Word for word, please copy the listing below, with its pictures left out.

§ **Data below**:
------------------------------------------------------------------------
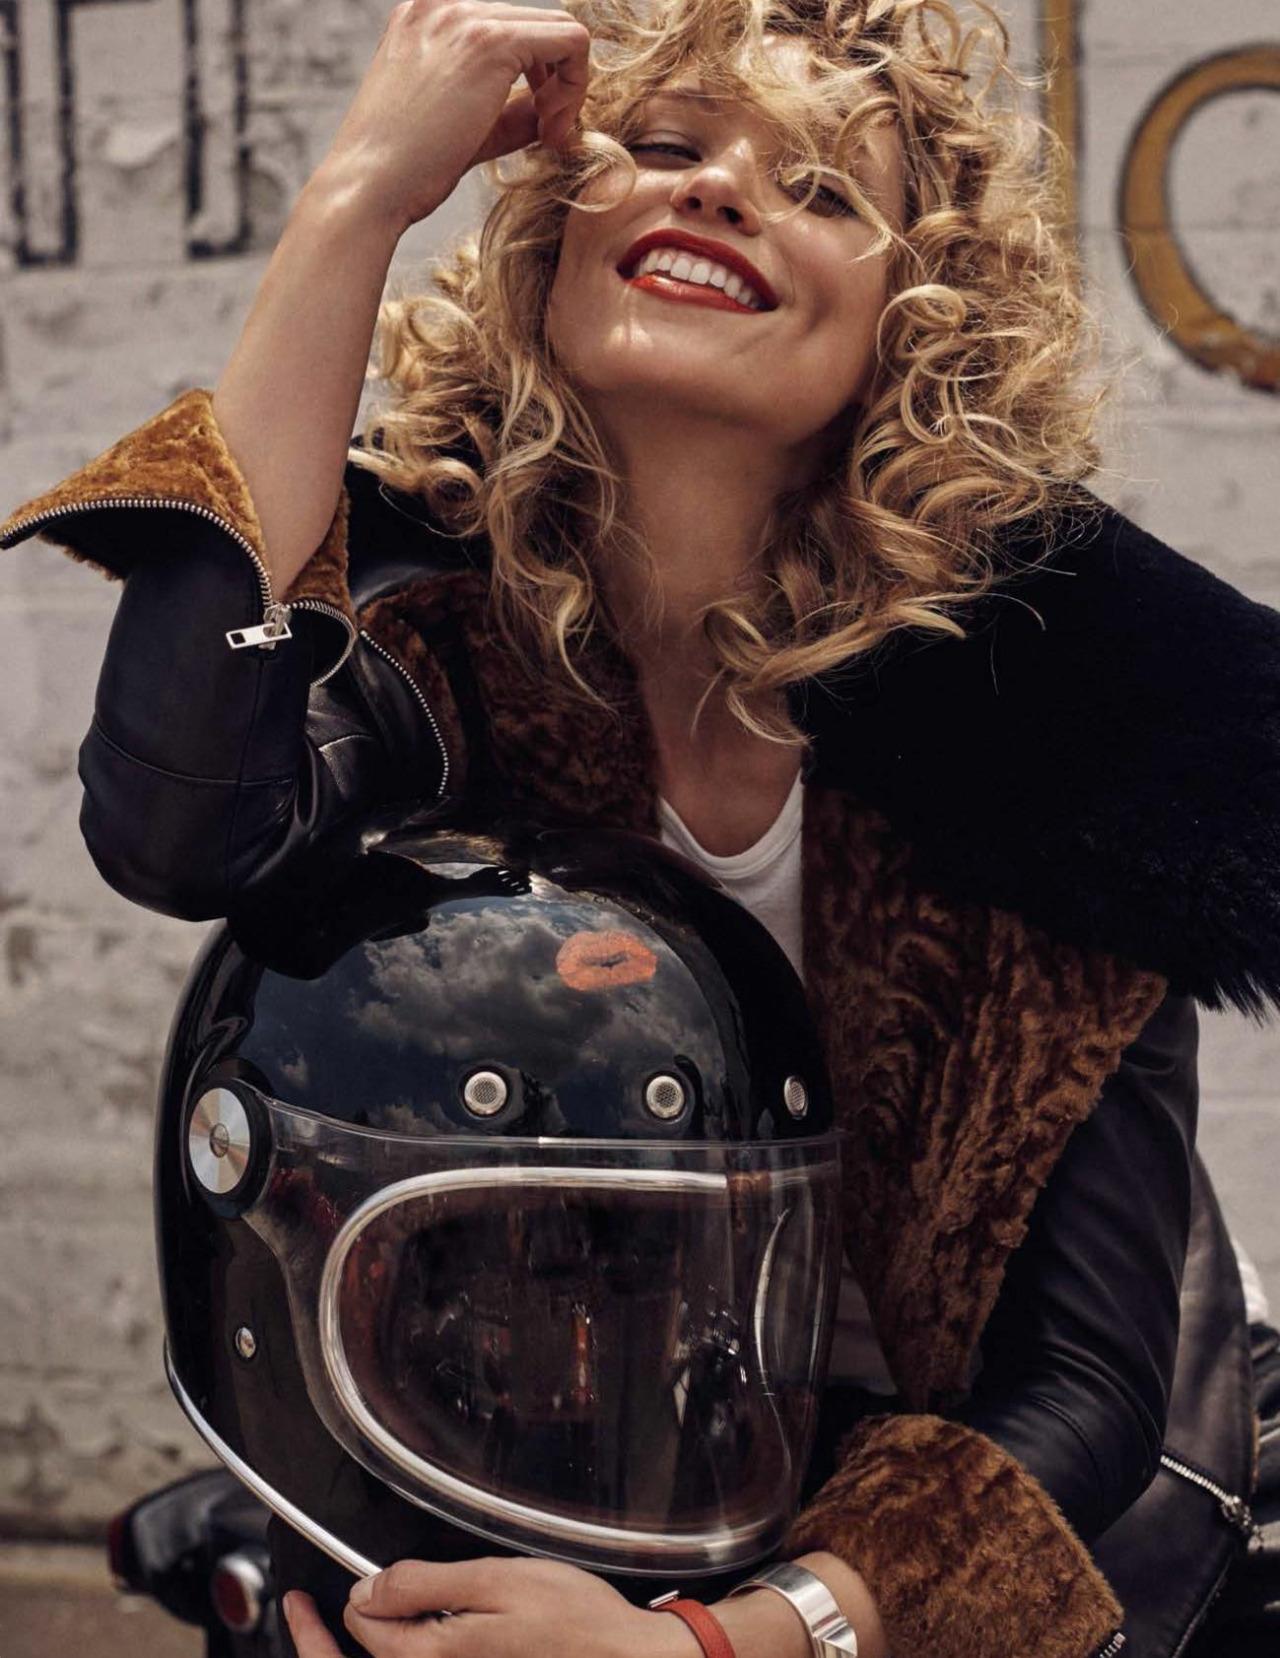 Hot Metal Vogue Spain September 2016 | Hana Jirickova by Benny Horne
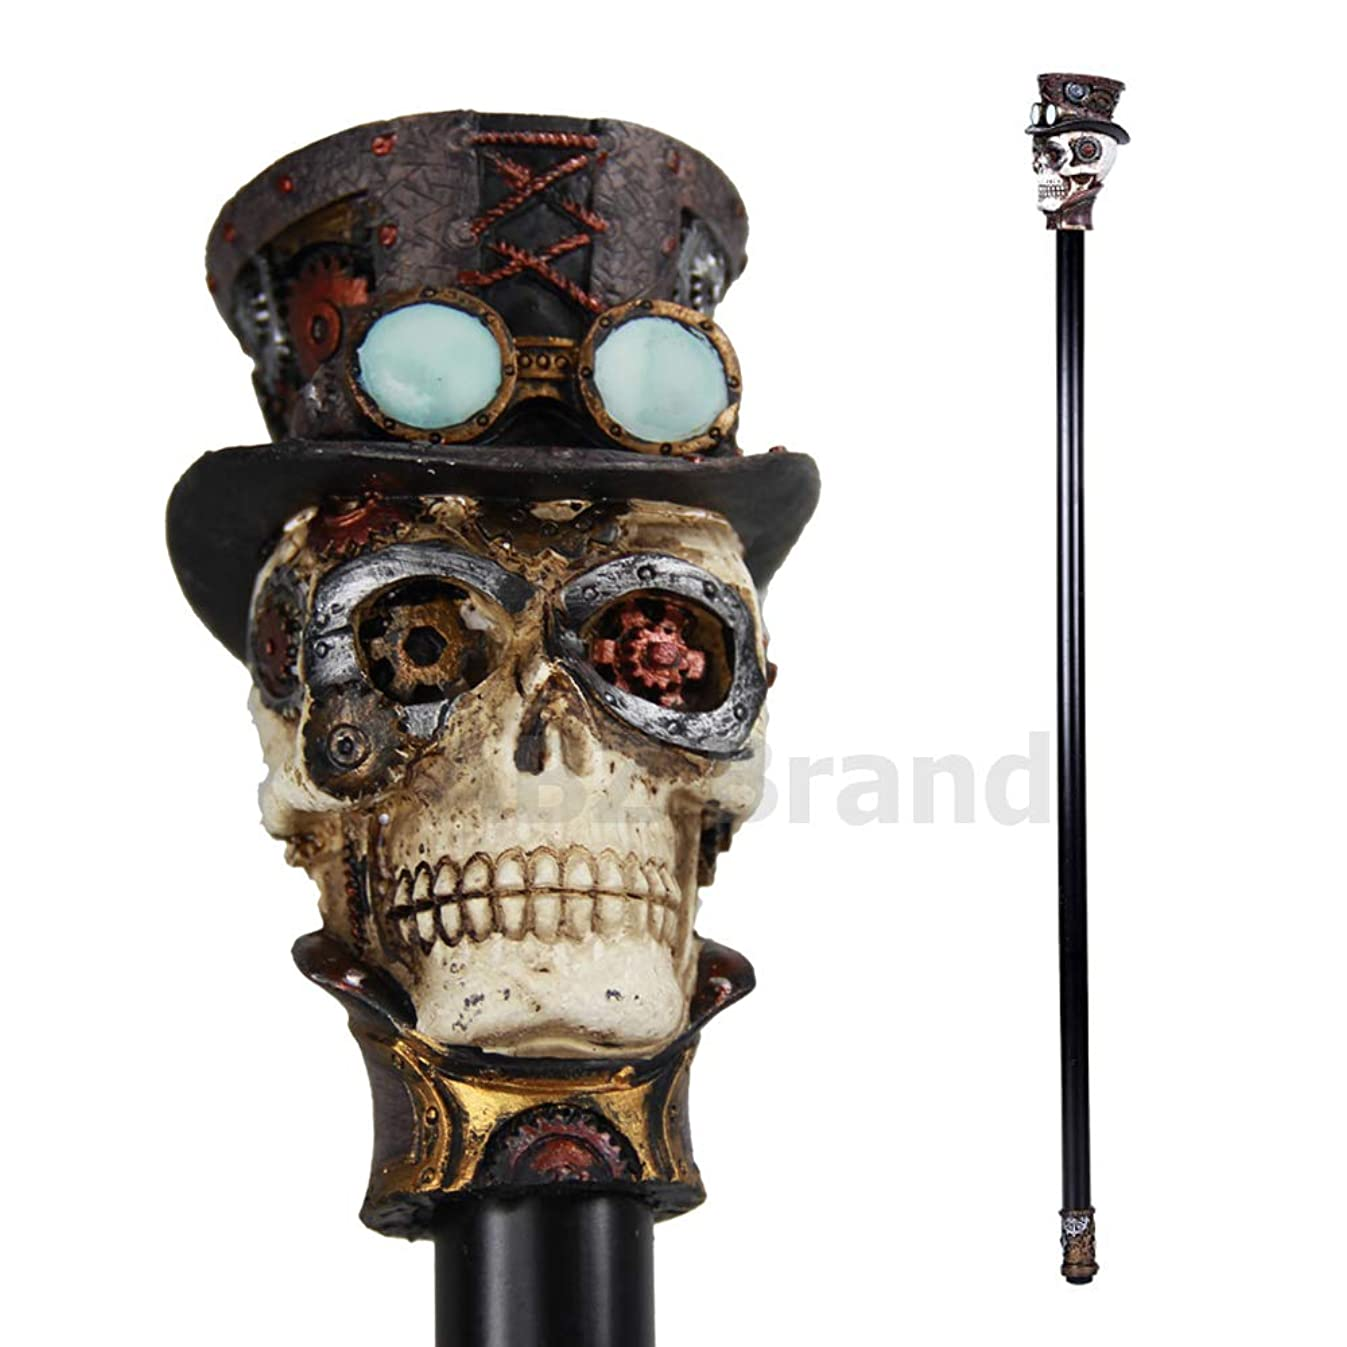 ABZ Brand Steampunk Gearwork Skull Mechanical Decorative Walking Cane 36
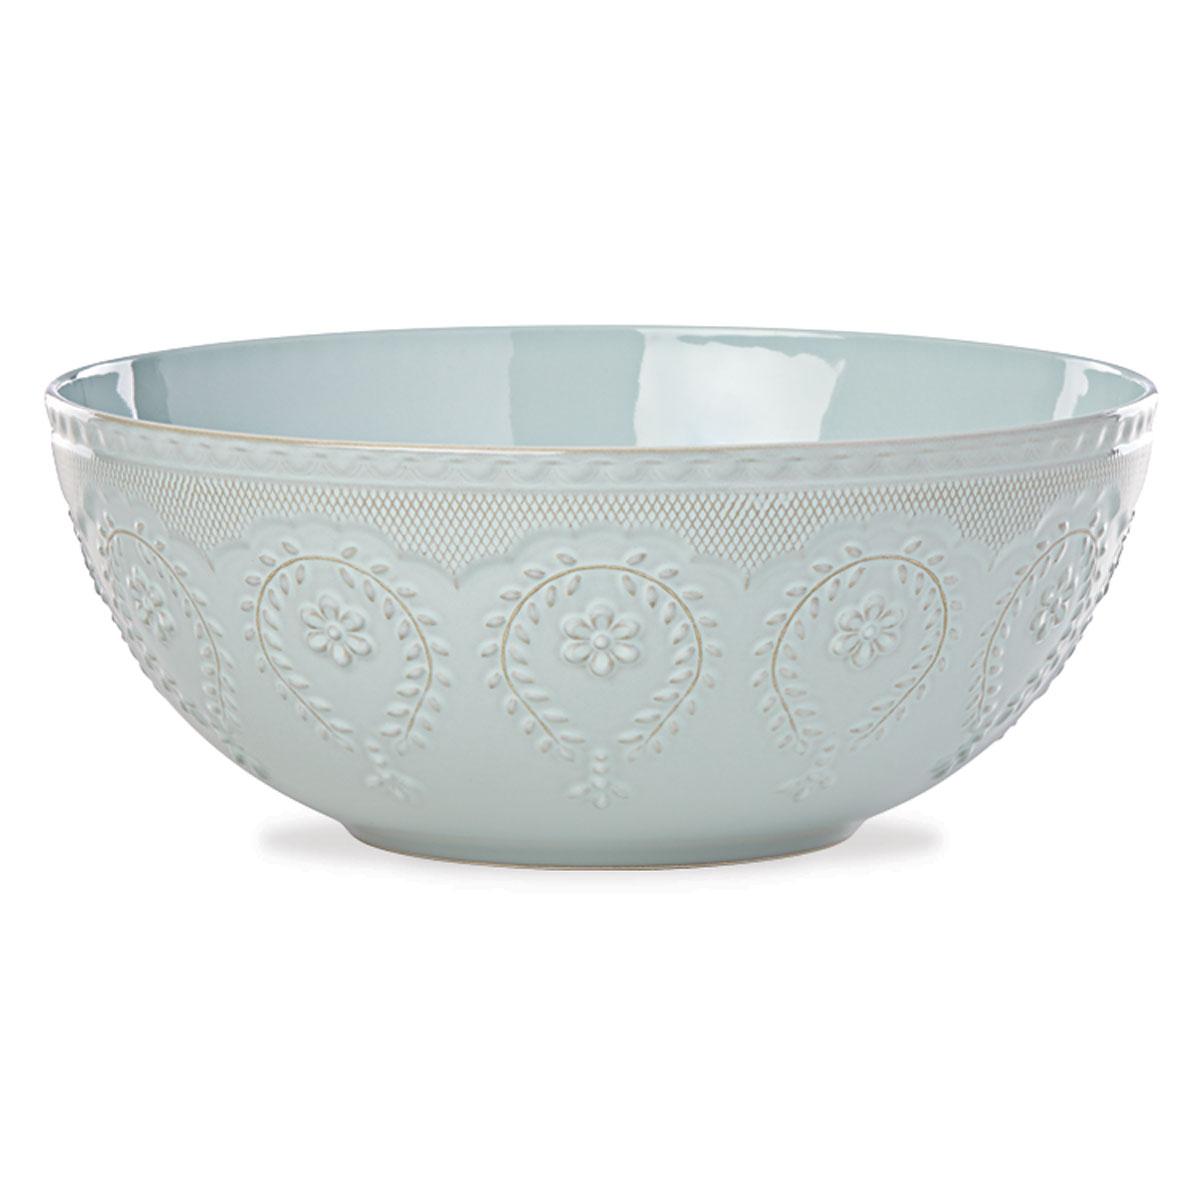 Lenox Chelse Muse Dinnerware Rct Blue Serving Bowl
------------------------------------------------------------------------
§ **Solution to the problem**:
 Hot Metal Vogue Spain September 2016 | Hana Jirickova by Benny Horne
 ABZ Brand Steampunk Gearwork Skull Mechanical Decorative Walking Cane 36
 Lenox Chelse Muse Dinnerware Rct Blue Serving Bowl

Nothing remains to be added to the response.